他的疑问就是HashMap1.8当数据结构转为红黑树时，其key为什么不需要比较？

我打赌他肯定没看过HashMap源码，至少看的不深入。

知识补充

首先大家都应该知道HashMap1.8的数据结构吧？以及默认链表长度超过8时会转为红黑树，红黑树大家都知道是啥结构吧？大家也都是有经验的程序员了。

简单介绍下红黑树(Red-Black Tree，简称R-B Tree)吧，它一种特殊的二叉查找树。
红黑树是特殊的二叉查找树，意味着它满足二叉查找树的特征：任意一个节点所包含的键值，大于等于左孩子的键值，小于等于右孩子的键值。
红黑树的每个节点上都有存储位表示节点的颜色，颜色是红(Red)或黑(Black)。

红黑树的特性:
(1) 每个节点或者是黑色，或者是红色。
(2) 根节点是黑色。
(3) 每个叶子节点是黑色。 [注意：这里叶子节点，是指为空的叶子节点！]
(4) 如果一个节点是红色的，则它的子节点必须是黑色的。
(5) 从一个节点到该节点的子孙节点的所有路径上包含相同数目的黑节点。

看下红黑树数据结构图

网上随便找了个Java版红黑树实现(部分)

public class RBTree<T extends Comparable<T>> {

    private RBTNode<T> mRoot;    // 根结点

    private static final boolean RED   = false;
    private static final boolean BLACK = true;

    public class RBTNode<T extends Comparable<T>> {
        boolean color;        // 颜色
        T key;                // 关键字(键值)
        RBTNode<T> left;    // 左孩子
        RBTNode<T> right;    // 右孩子
        RBTNode<T> parent;    // 父结点

        public RBTNode(T key, boolean color, RBTNode<T> parent, RBTNode<T> left, RBTNode<T> right) {
            this.key = key;
            this.color = color;
            this.parent = parent;
            this.left = left;
            this.right = right;
        }

    }

    ...
}

添加操作

/* 
 * 将结点插入到红黑树中
 *
 * 参数说明：
 *     node 插入的结点        // 对应《算法导论》中的node
 */
private void insert(RBTNode<T> node) {
    int cmp;
    RBTNode<T> y = null;
    RBTNode<T> x = this.mRoot;

    // 1. 将红黑树当作一颗二叉查找树，将节点添加到二叉查找树中。
    while (x != null) {
        y = x;
        cmp = node.key.compareTo(x.key);
        if (cmp < 0)
            x = x.left;
        else
            x = x.right;
    }

    node.parent = y;
    if (y!=null) {
        cmp = node.key.compareTo(y.key);
        if (cmp < 0)
            y.left = node;
        else
            y.right = node;
    } else {
        this.mRoot = node;
    }

    // 2. 设置节点的颜色为红色
    node.color = RED;

    // 3. 将它重新修正为一颗二叉查找树
    insertFixUp(node);
}

/* 
 * 新建结点(key)，并将其插入到红黑树中
 *
 * 参数说明：
 *     key 插入结点的键值
 */
public void insert(T key) {
    RBTNode<T> node=new RBTNode<T>(key,BLACK,null,null,null);

    // 如果新建结点失败，则返回。
    if (node != null)
        insert(node);
}

这里就不对红黑树具体展开了，有兴趣大家可以百度自行学习相关知识，不然就脱离该文主题了

可以看到RBTree继承了Comparable没错，为啥呢？

首先咋们知道红黑树是属于二叉查找树的一种，而二叉查找树有一个特性就是：任意一个节点所包含的键值，大于等于左孩子的键值，小于等于右孩子的键值。

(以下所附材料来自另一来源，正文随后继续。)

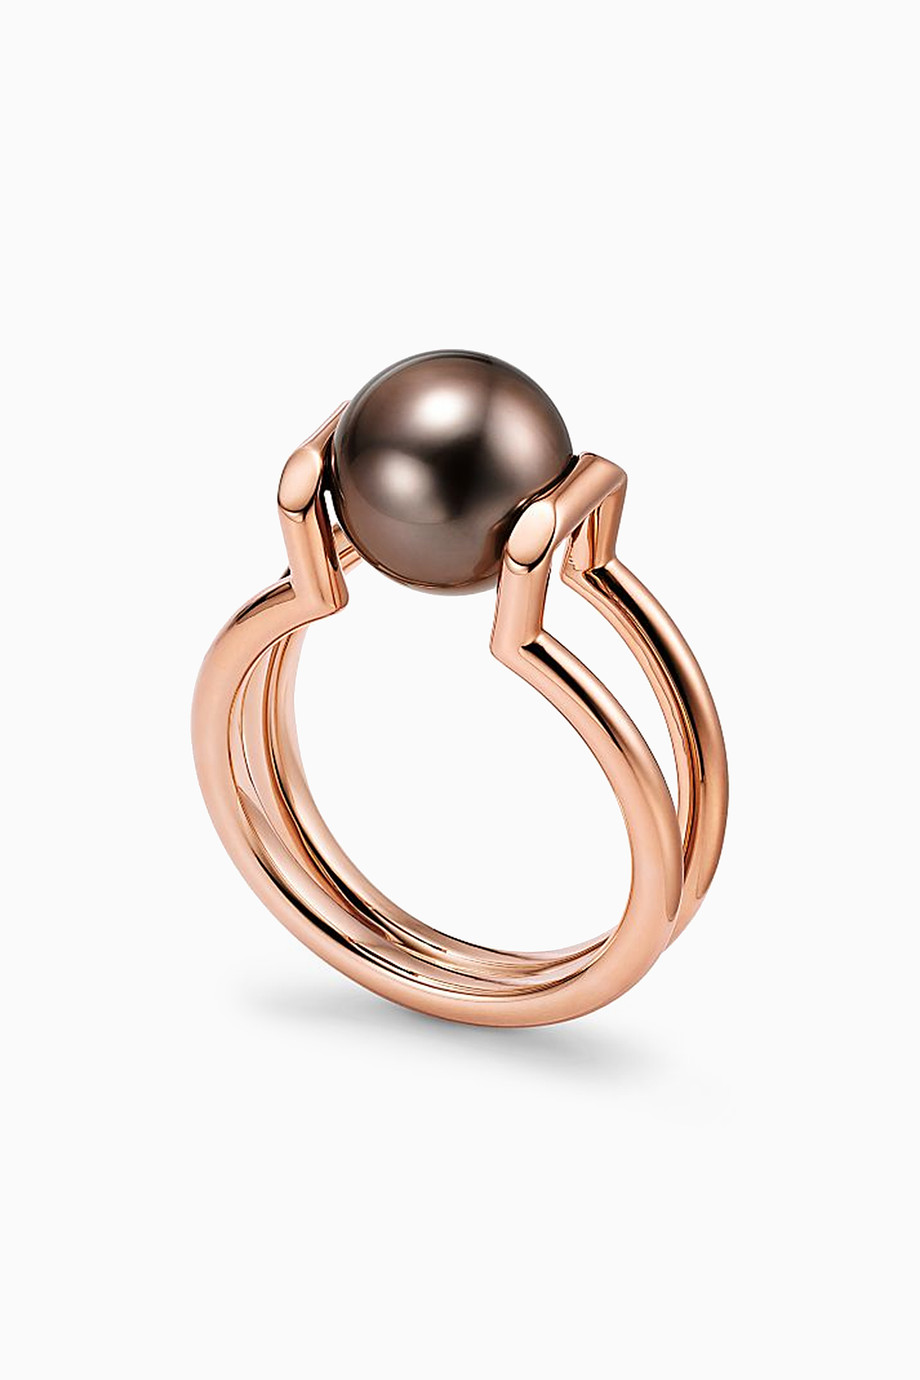 Shop Tiffany & Co. Rose Gold Tiffany HardWear Tahitian Black Pearl Ring

一看到涉及到元素比较了，那么就自然而然的想到compareTo()方法了，而只有将类强制转换为Comparable类型之后才能调用compareTo()方法，但是若你没有实现Comparable接口，那当然就不能强制准换了。

再看上面添加操作的代码，里面也有使用node.key.compareTo(x.key),自然就需要继承了Comparable。

不过话说Comparable接口也就只有compareTo()方法嘿嘿。

分析源码

ok，现在咋们知道为什么红黑树需要实现Comparable接口了，那咋们来看看HashMap1.8，它的红黑树是怎么一回事？

HashMap1.8之前也带大家分析过了，不清楚的小伙伴可以看看 hashCode()和hash算法的那些事儿，HashMap扫盲，浅谈HashMap线程安全问题。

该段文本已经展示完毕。